よくある怖い話で、鏡に映った自分に向かって『お前誰だ』と話しかけてるうち自我が崩壊するという実験を応用して、鏡に映った自分に『俺は悩んでない』と話しかければ暗示をかけられるかもしれない。
-座右の銘はなんですか?-
「川の流れのように。時の流れに身をまかせ。時には娼婦のように。これが私のポリ シー」
日本歌謡曲から引用。人によっては「別にそんなことないですよ」と言われるらしい。

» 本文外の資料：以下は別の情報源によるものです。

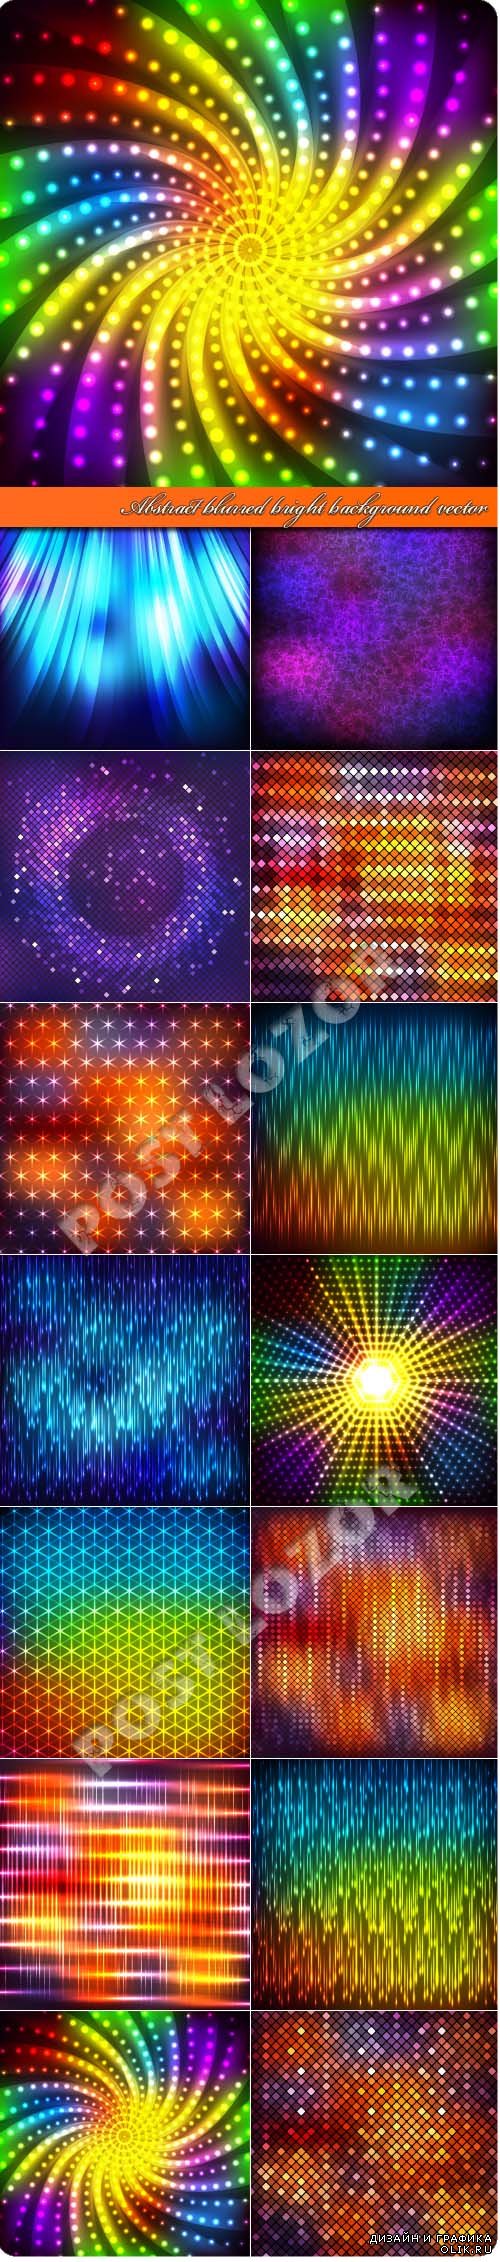 Abstract blurred bright background vector

当てはまってるかどうかはさておき、自分の生き方をJ-POPのタイトルや歌詞から見繕うと面白い。
-夫婦の関係を円満にするにはどうすればいいですか?-
旦那さん「(妻には)思いやりも何も無い」
奥さん「えぇっ?」
旦那さん「相手のことは考えるけど、思いやりってなると堅苦しいから」
奥さん「(そういうことか)まぁ、あきらめ。なれあいね。」
旦那さんの意見を受けて奥さんにも意見を伺った。
奥さん60歳
-夫婦の関係を円満にするにはどうすればいいですか?-
「二世帯住宅じゃなくていいから、親に頼れる距離で住む」
見張りというか、抑止力というか、身近に相談できる人がいてくれるといいといった考え方。そしてこう締めくくった。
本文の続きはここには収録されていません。